SBATCH script (GitHub):

#!/bin/bash
## Job Name
#SBATCH --job-name=20210312_cbai-vs-copi_diamond_blastx
## Allocation Definition
#SBATCH --account=srlab
#SBATCH --partition=srlab
## Resources
## Nodes
#SBATCH --nodes=1
## Walltime (days-hours:minutes:seconds format)
#SBATCH --time=20-00:00:00
## Memory per node
#SBATCH --mem=120G
##turn on e-mail notification
#SBATCH --mail-type=ALL
#SBATCH --mail-user=samwhite@uw.edu
## Specify the working directory for this job
#SBATCH --chdir=/gscratch/scrubbed/samwhite/outputs/20210312_cbai-vs-copi_diamond_blastx

## Script for running BLASTx (using DIAMOND) with all of our C.bairdi RNAseq data to-date.
## BLASTx against C.opilio _(snow crab) NCBI protein FastA
## Output will be in standard BLAST output format 6, but only query ID.
## Output will be used to extract just reads with matches to to C.opilio genome,
## for downstream transcriptome assembly

###################################################################################
# These variables need to be set by user

# FastQ directory
reads_dir=/gscratch/srlab/sam/data/C_bairdi/RNAseq

# DIAMOND database
dmnd=/gscratch/srlab/sam/data/C_opilio/blastdbs/GCA_016584305.1_ASM1658430v1_protein.dmnd

# Programs array
declare -A programs_array
programs_array=(
[diamond]="/gscratch/srlab/programs/diamond-0.9.29/diamond"
)

# FastQ array
fastq_array=(${reads_dir}/*fastp-trim*.fq.gz)


###################################################################################

# Exit script if any command fails
set -e

# Load Python Mox module for Python module availability
module load intel-python3_2017


# BLASTx FastQ files
for fastq in "${!fastq_array[@]}"
do

  # Remove path from transcriptome using parameter substitution
  fastq_name="${fastq_array[$fastq]##*/}"

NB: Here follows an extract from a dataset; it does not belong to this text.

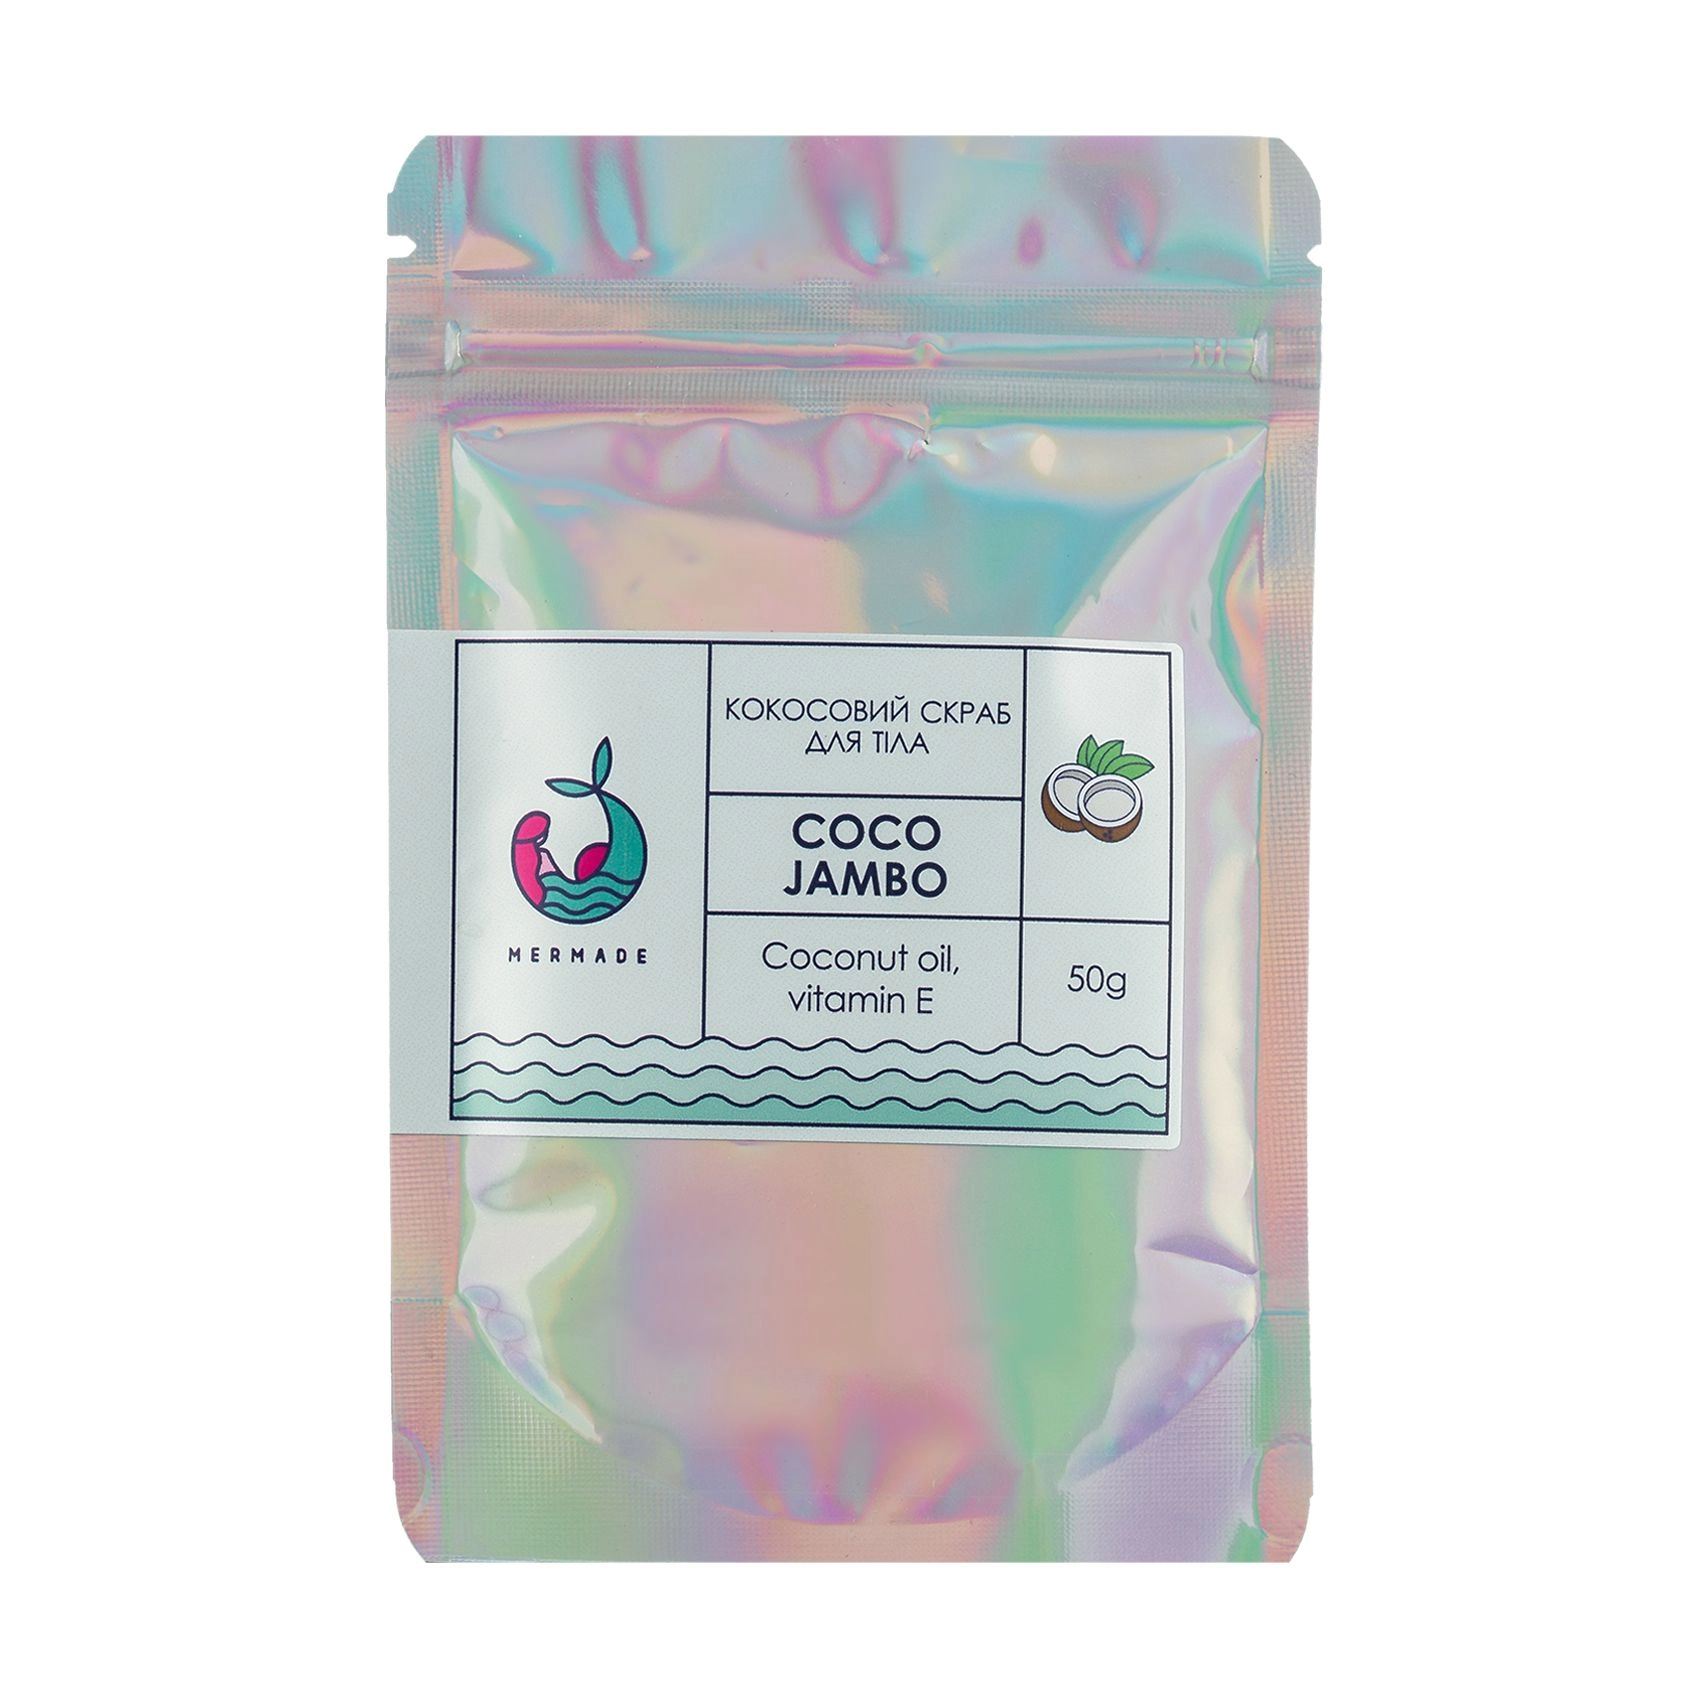 Mermade Кокосовый скраб для тела Coco Jambo с кокосовым маслом и витамином E - фото N1

  # Generate checksums for reference
  echo ""
  echo "Generating checksum for ${fastq_array[$fastq]}."
  md5sum "${fastq_array[$fastq]}">> fastq.checksums.md5
  echo "Completed checksum for ${fastq_array[$fastq]}."
  echo ""

  # Run DIAMOND with blastx
  # Output format 6 query only returns a single query ID per match
  # block-size and index-chunks are computing resource optimatization paraeters
  ${programs_array[diamond]} blastx \
  --db ${dmnd} \
  --query "${fastq_array[$fastq]}" \
  --out "${fastq_name}".blastx.outfmt6-query \
  --outfmt 6 qseqid \
  --evalue 1e-4 \
  --max-target-seqs 1 \
  --max-hsps 1 \
  --block-size 15.0 \
  --index-chunks 4
done


###################################################################################

# Capture program options
echo "Logging program options..."
for program in "${!programs_array[@]}"
do
	{
  echo "Program options for ${program}: "
	echo ""
  # Handle samtools help menus
  if [[ "${program}" == "samtools_index" ]] \
  || [[ "${program}" == "samtools_sort" ]] \
  || [[ "${program}" == "samtools_view" ]]
  then
    ${programs_array[$program]}

  # Handle DIAMOND BLAST menu
  elif [[ "${program}" == "diamond" ]]; then
    ${programs_array[$program]} help

  # Handle NCBI BLASTx menu
  elif [[ "${program}" == "blastx" ]]; then
    ${programs_array[$program]} -help
  fi
	${programs_array[$program]} -h
	echo ""
	echo ""
	echo "----------------------------------------------"
	echo ""
	echo ""
} &>> program_options.log || true

  # If MultiQC is in programs_array, copy the config file to this directory.
  if [[ "${program}" == "multiqc" ]]; then
  	cp --preserve ~/.multiqc_config.yaml multiqc_config.yaml
  fi
done

# Document programs in PATH (primarily for program version ID)
{
  date
  echo ""
  echo "System PATH for $SLURM_JOB_ID"
  echo ""
  printf "%0.s-" {1..10}
  echo "${PATH}" | tr : \\n
} >> system_path.log

echo "Finished logging system PATH"

RESULTS

Runtime was surprisingly long, considering how fast DIAMOND BLASTx has run on other samples. It took nearly 7hrs to complete:

DIAMOND BLASTx runtime for 92 C.bairdi RNAseq FastQs vs C.opilio protein FastA

Output folder:

Due to the large number of output files, I will not link to each of them here. Please browse the output folder linked above.